3. The organic pigment composition according to any of claims 1 to 2, characterized in that the acicular surface additive is acicular titanium dioxide.

4. The organic pigment composition of according to any of claims 1 to 3, characterized in that the acicular surface additive is present in an amount from about 0.25% to about 1.0% by weight.

5. The organic pigment composition according to claim 4, characterized in that the acicular surface additive is present in an amount from about 0.4% to about 0.6% by weight.

6. The organic pigment composition according to any of claims 1 to 4, characterized in that the organic pigment particle comprises an acicular surface additive is in an outer layer of the organic pigment particle of the composition.

7. The organic pigment composition according to any of claims 1 to 6, characterized in that the acicular surface additive has a shape which is selected from the group consisting of a rice form, a rod shape, a butterfly shape and a bow tie shape.

8. The organic pigment composition according to any of claims 1 to 6, characterized in that the acicular surface additive has a length of about 0.25 to about 8 microns.

9. The organic pigment particle according to claim 6, characterized in that the acicular surface additive has a length from about 0.5 to about 5 micrometers.

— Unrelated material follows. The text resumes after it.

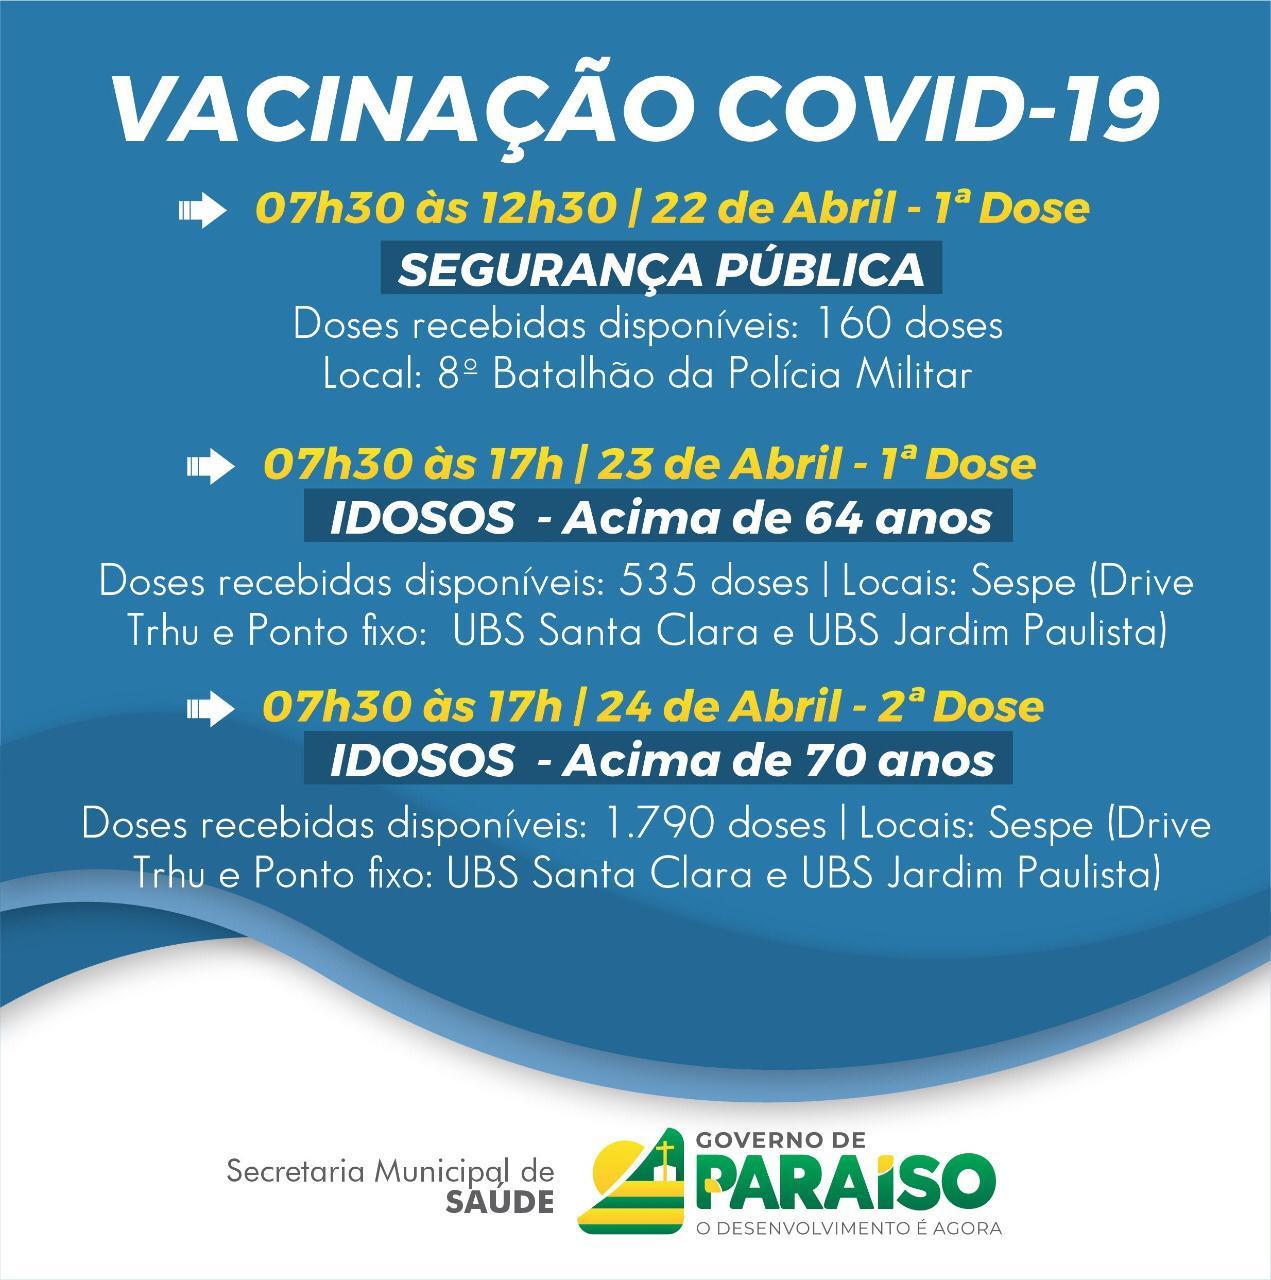 Covid-19: Saúde de Paraíso atualiza cronograma de vacinação e inclui idosos a partir de 64 anos

10. The organic pigment particle according to any of claims 1 to 7, characterized in that the acicular surface additive has a dimensional proportion from about 4 to about 25.

11. The organic pigment particle according to claim 6, characterized in that the acicular surface additive has a dimensional proportion from about 8 to about 18.

12. The organic pigment particle according to claim 6, characterized in that the acicular surface additive is selected from the group consisting of acicular titanium dioxide, acicular carbon fiber, acicular glass fiber, acicular carbon nanotubes and acicular magnesium fiber. .

13. The organic pigment particle according to claim 6, characterized in that the acicular surface additive comprises acicular titanium dioxide.

14. The organic pigment composition according to any of claims 1 to 8, characterized in that the organic pigment particle of the composition comprises an acicular surface additive and has a circularity from about 0.969 to about 0.998.

15. The organic pigment particle according to claim 14, characterized in that the circularity is from about 0.981 to about 0.994.

16. The organic pigment particle according to claim 14, characterized in that the circularity is approximately 0.988.